Elasticsearch, Kibanaを5.6.2から6.1.2にupgradeした

といっても上書きupgradeじゃなくて新旧2つのElasticsearchにdouble writeして切り替えました。

うちの環境だとfluentd→kafka→kafka-fluentd-consumer→fluentd→Elasticsearchという経路でElasticsearchに書き込んでいます。
fluentdは0.12系を使っています。
kafkaが間にあるのでこの機会にmulti worker試したいなと思ってkafka以降の経路でfluentd 1を入れようとしたんですが、以下の理由から0.12を使いつづけています。
まあこれから試す人はfluentd 1で良い気はします。

fluentdのCPU使用率が上がった。
https://github.com/fluent/fluentd/issues/1801
もっともこの問題は現状解決されているはず。僕の環境ではすでに0.12で運用始まっているので試せてないですが。

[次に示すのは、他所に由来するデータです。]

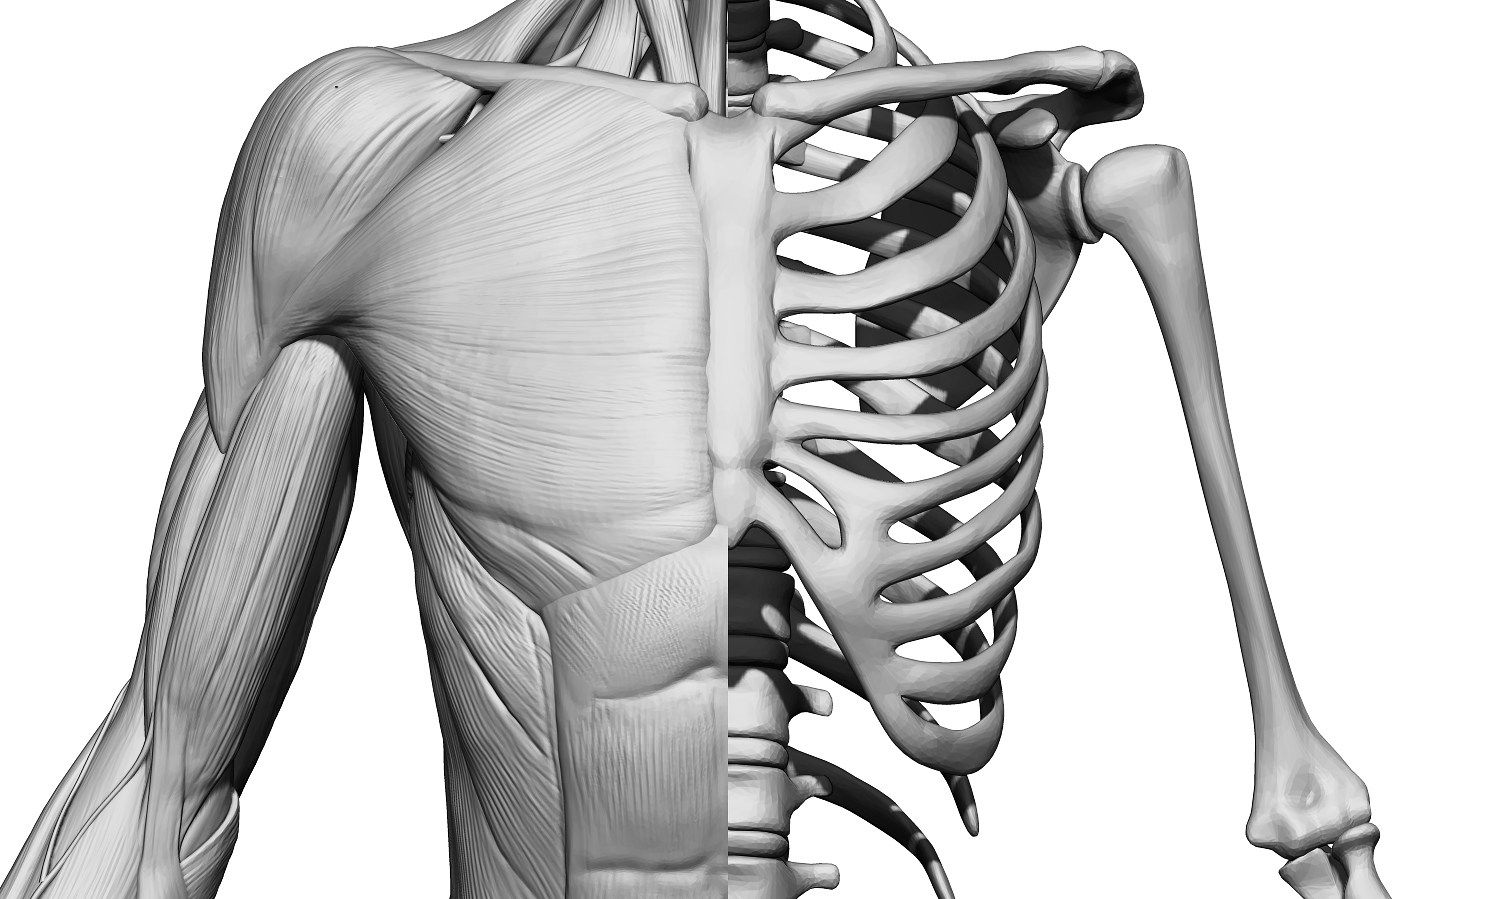 Torso Muscle Anatomy Anatomy Study Human Pinterest Muscle

fluent-plugin-record_modifierとfluent-plugin-prometheusがmulti worker未サポートだった。
prometheusに関してはもうサポートしたっぽい。https://github.com/fluent/fluent-plugin-prometheus/pull/44

record_modifierはfluentdのログを集めてきて下記のようにtagを書き換えるために使ってます。

<match fluent.**>
  @type record_modifier
  tag "fluentd"
  include_tag_key yes
  tag_key "loglevel"
  hostname ...
  portnum ...
</match>

Elasticsearchのclient側の話としては、fluent-plugin-elasticsearchが依存しているelasticsearch-rubyに互換性が無いように見えたのでruby環境を完全に分けました。
https://github.com/elastic/elasticsearch-ruby

Java clientに関しては5.4でも6.1で動きました。

一部JavaScriptからElasticsearch APIをたたいているところがあって、そこはContent-Type指定が必要でした。
https://www.elastic.co/guide/en/elasticsearch/reference/6.0/breaking_60_rest_changes.html#_content_type_auto_detection

Elasticsearch本体側の話をすると、うちの環境ではindexというかshardが多すぎて日付が変わるタイミングでのindexingでエラーが出るので事前にバッチで翌日のindexを作るということをしていました。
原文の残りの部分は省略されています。